REQUIREMENT = Copy exactly the lines of the data below that run from the line holding "I AM by Ileana" through the line holding "111RegentGardens-sitemap.jpg", both ends included.

DATASET RECORDS =
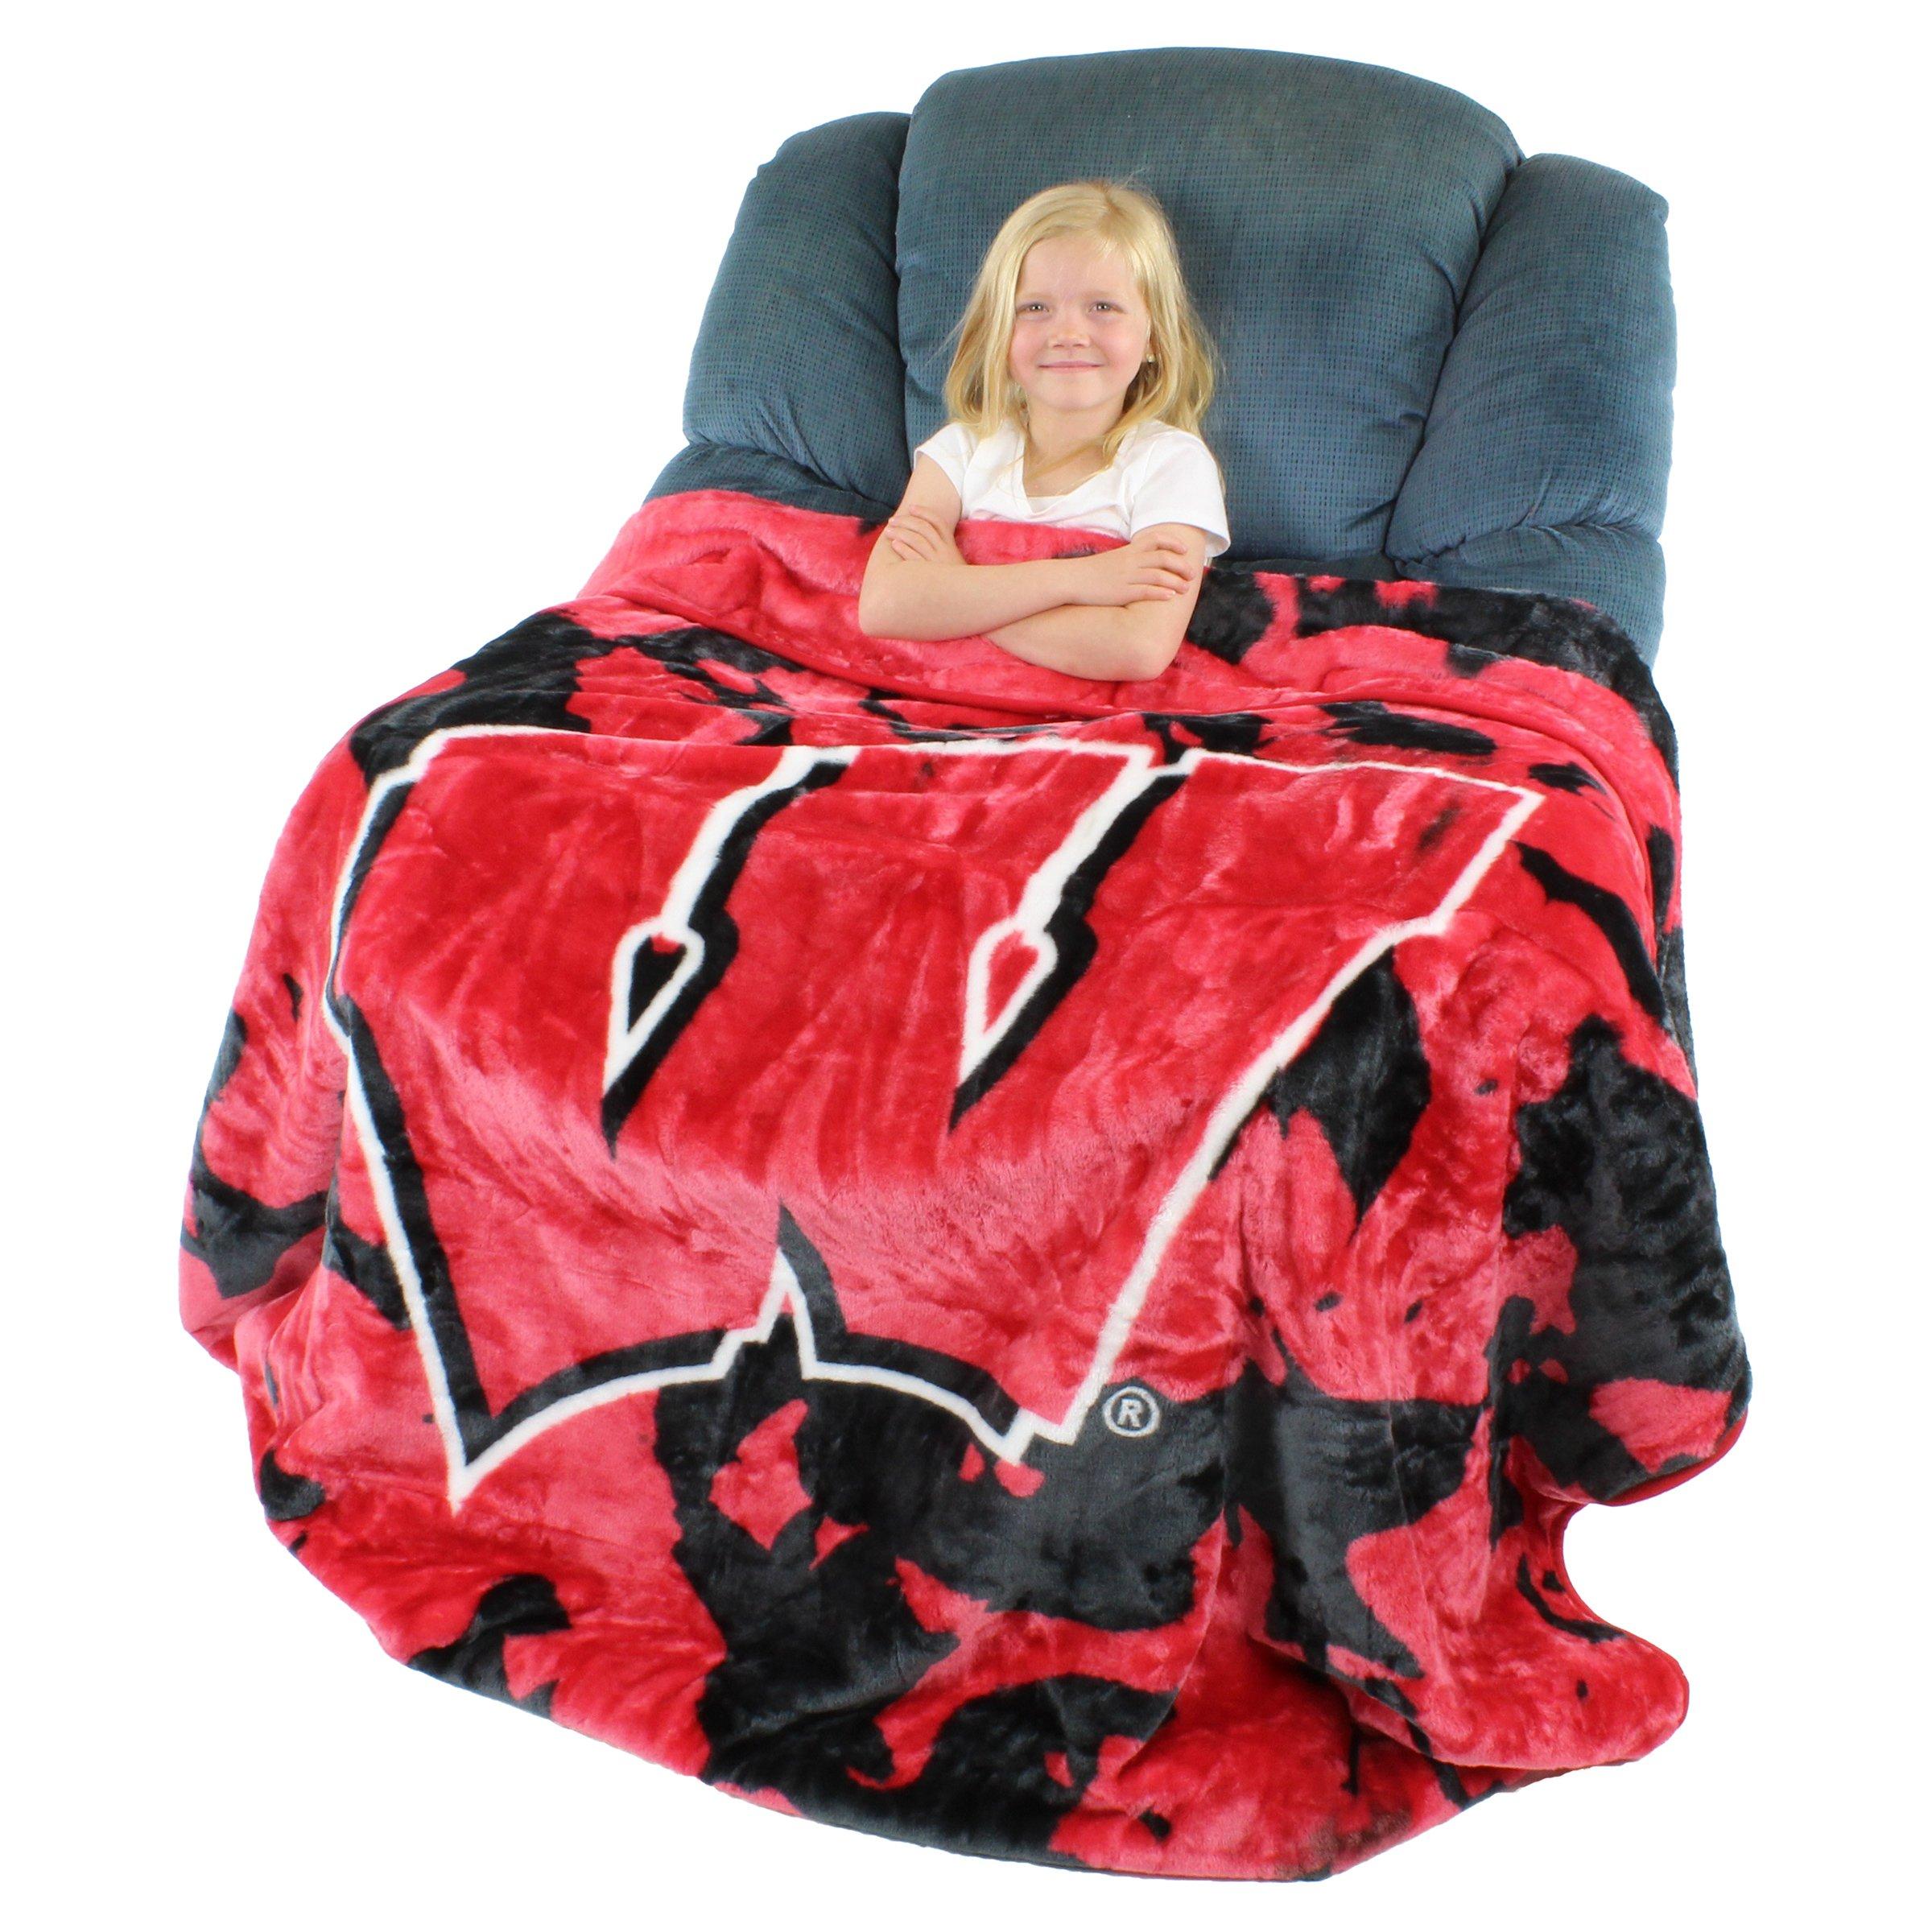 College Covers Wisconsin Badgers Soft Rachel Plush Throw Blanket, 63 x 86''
--
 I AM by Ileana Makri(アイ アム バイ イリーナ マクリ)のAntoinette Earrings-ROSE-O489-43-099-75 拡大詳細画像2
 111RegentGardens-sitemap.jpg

EXERCISE RESPONSE =
 I AM by Ileana Makri(アイ アム バイ イリーナ マクリ)のAntoinette Earrings-ROSE-O489-43-099-75 拡大詳細画像2
 111RegentGardens-sitemap.jpg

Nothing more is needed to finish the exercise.